US imperialism, which has waged virtually uninterrupted war in the Middle East over the past quarter century, bears responsibility for death and destruction on a vast scale. The estimated death toll from the illegal war in Iraq in 2003 has been put at 1 million, while the 2011 air war in Libya to topple the Gaddafi regime killed tens of thousands and destabilized the country, enabling Islamic extremist groups to flourish.

United Nations investigators stated in a report released Wednesday that both sides in the Syrian conflict have committed war crimes. It accused the government of deliberately targeting a UN aid convoy in Aleppo last September, beginning by dropping barrel bombs, before rockets were fired from aircraft. The Syrian air force then reportedly opened machine gun fire on the survivors. The attack killed 14 aid workers.
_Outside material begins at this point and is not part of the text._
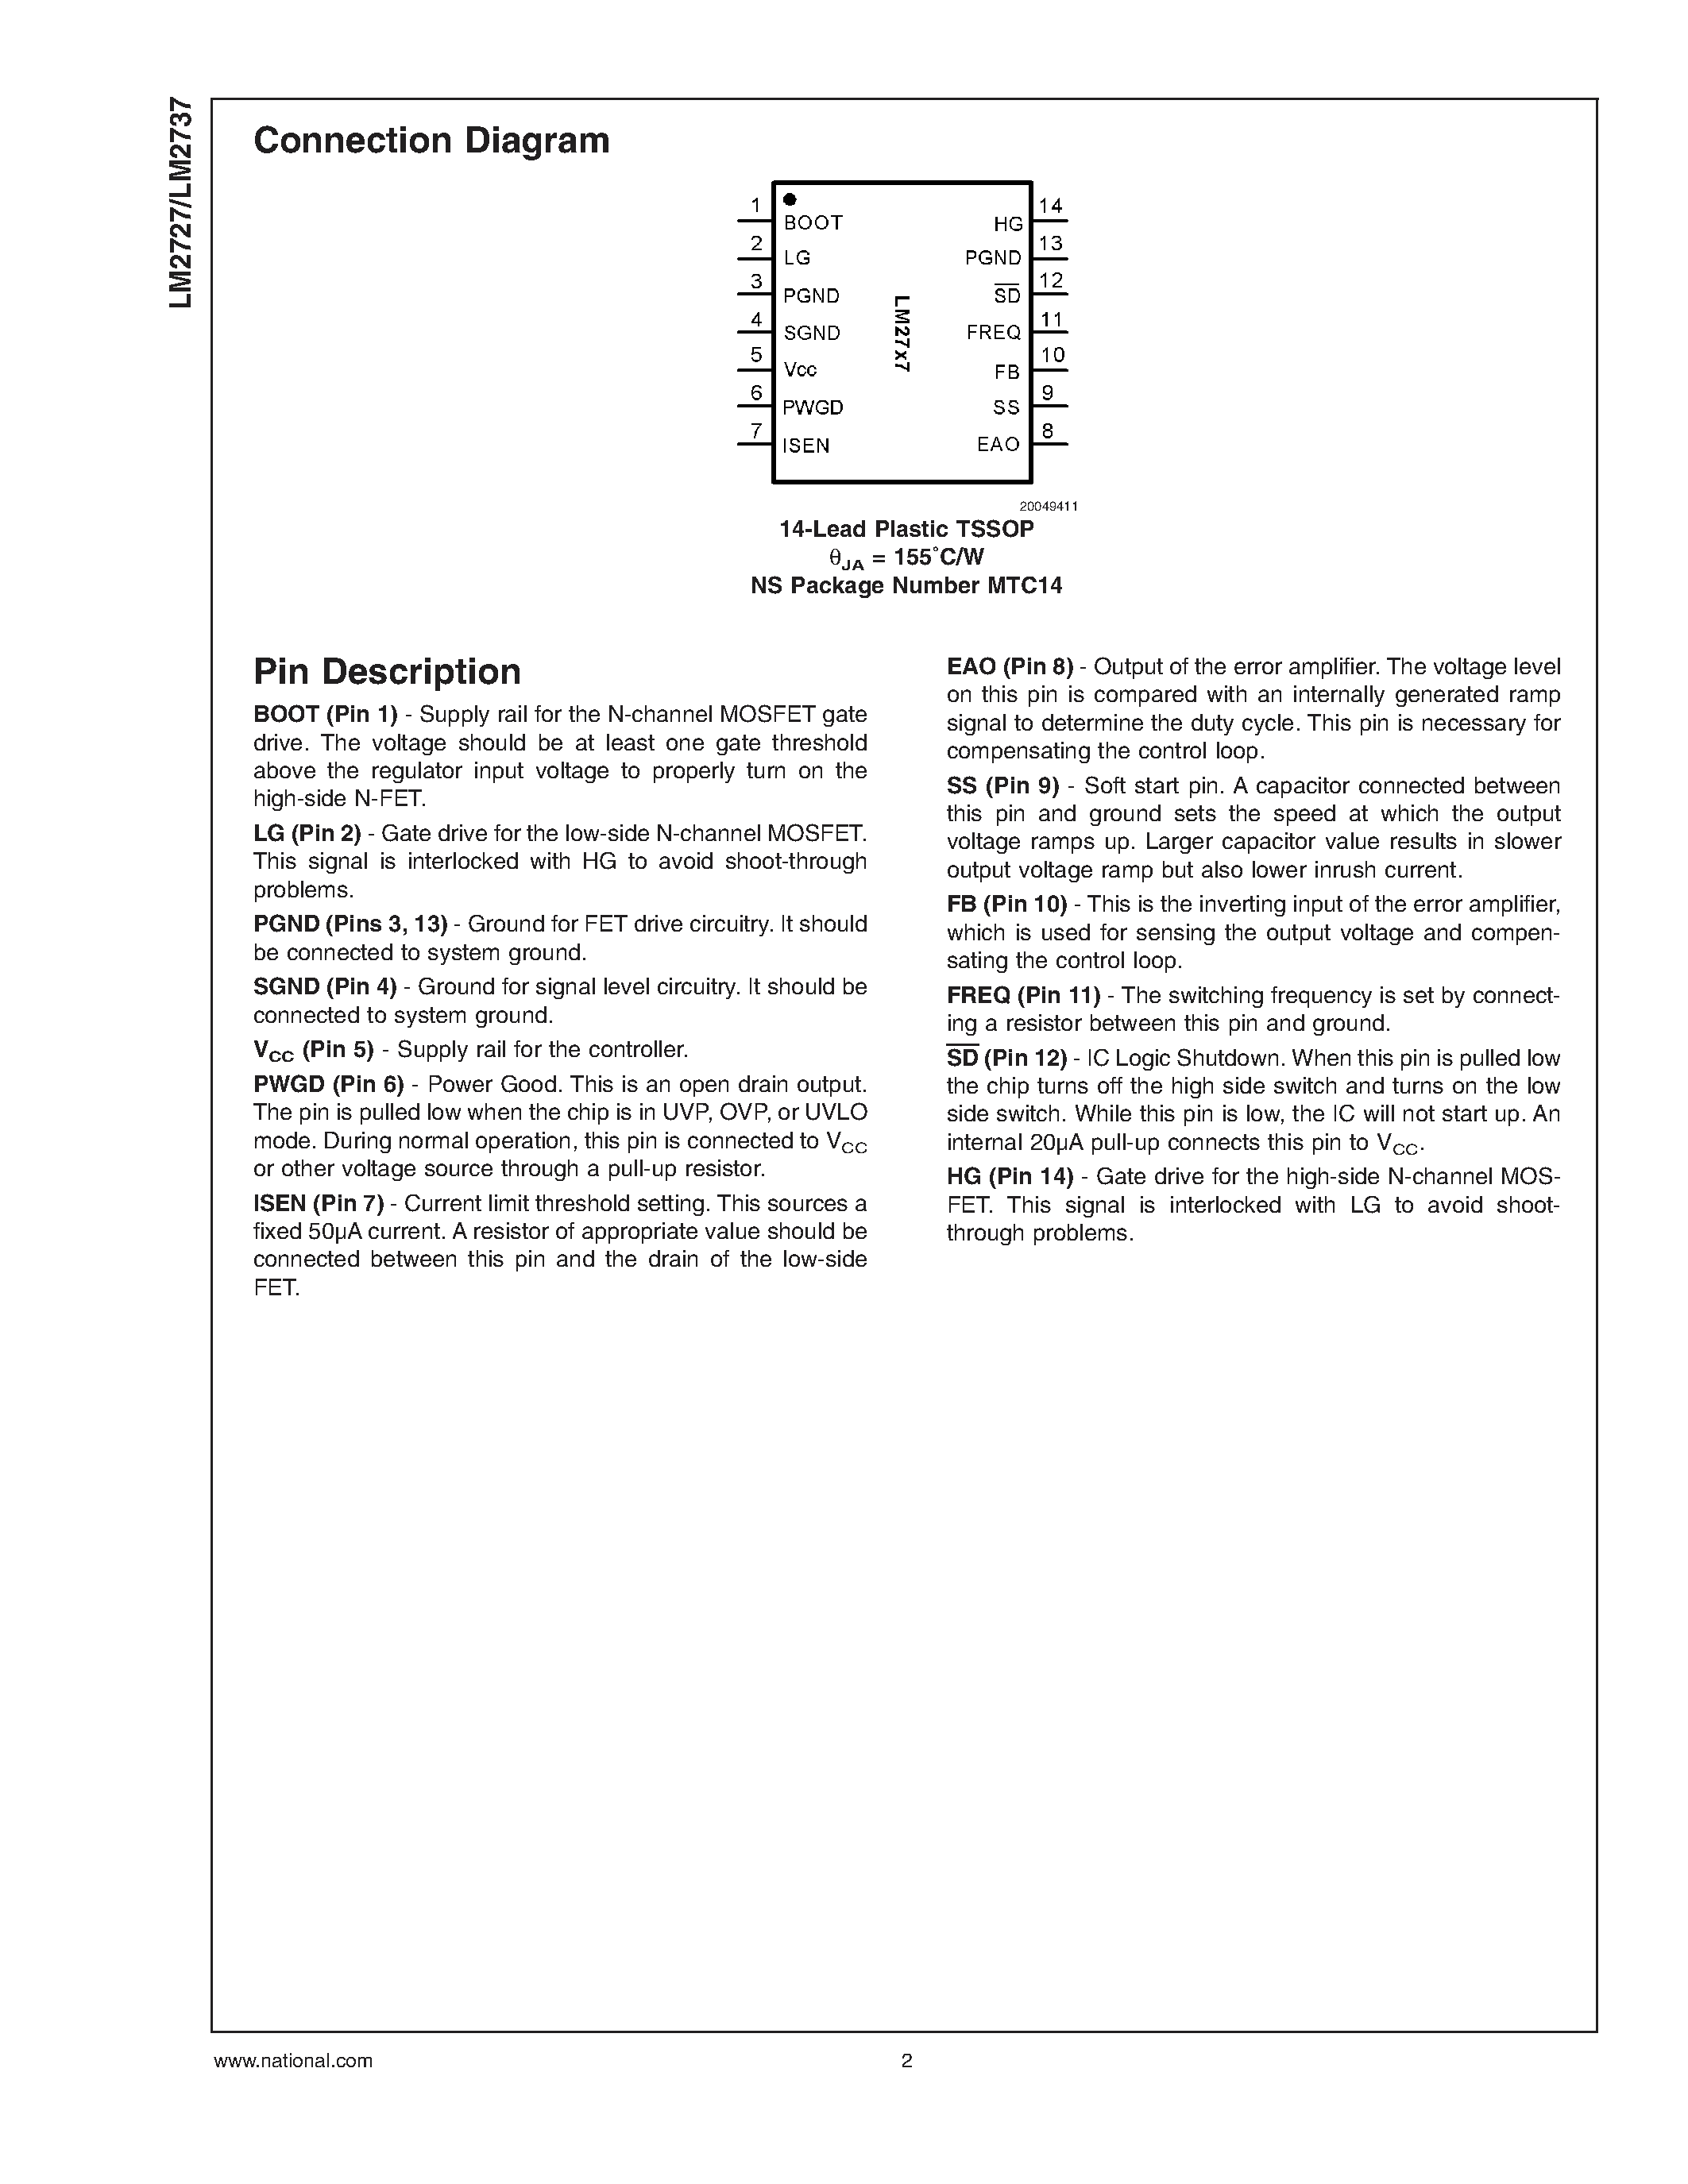 Datasheet BAT-54 - N-Channel FET Synchronous Buck Regulator Controller for Low Output Voltages page 2

This finding is in contrast to a previous UN inquiry in December, which said that it was not possible to attribute blame in the attack. The Assad regime has persistently denied its involvement, placing responsibility instead on the rebels. UN investigators said they were able to place responsibility on the Syrian government after viewing satellite images of the area.

The report also alleged that the Russian and Syrian bombardment of Aleppo, which included the use of unguided munitions, killed 300 people in the first four days of last September’s offensive, including 96 children. It accused Russian aircraft of joining the Syrian air force in attacking hospitals, water distribution centers and other facilities, but lacked the evidence to accuse Russia of being involved in any of the war crimes described in the report.

The investigation also criticized US-backed rebels for their indiscriminate shelling of residential areas of western Aleppo, resulting in dozens of casualties. Rebels also blocked attempts by civilians in areas under their control to flee the fighting, using them as human shields against government attacks. Rebel groups favored supporters during the distribution of food and other aid supplies, and launched an attack on a Kurdish residential area of Sheikh Maqsoud, both acts described by the UN as war crimes.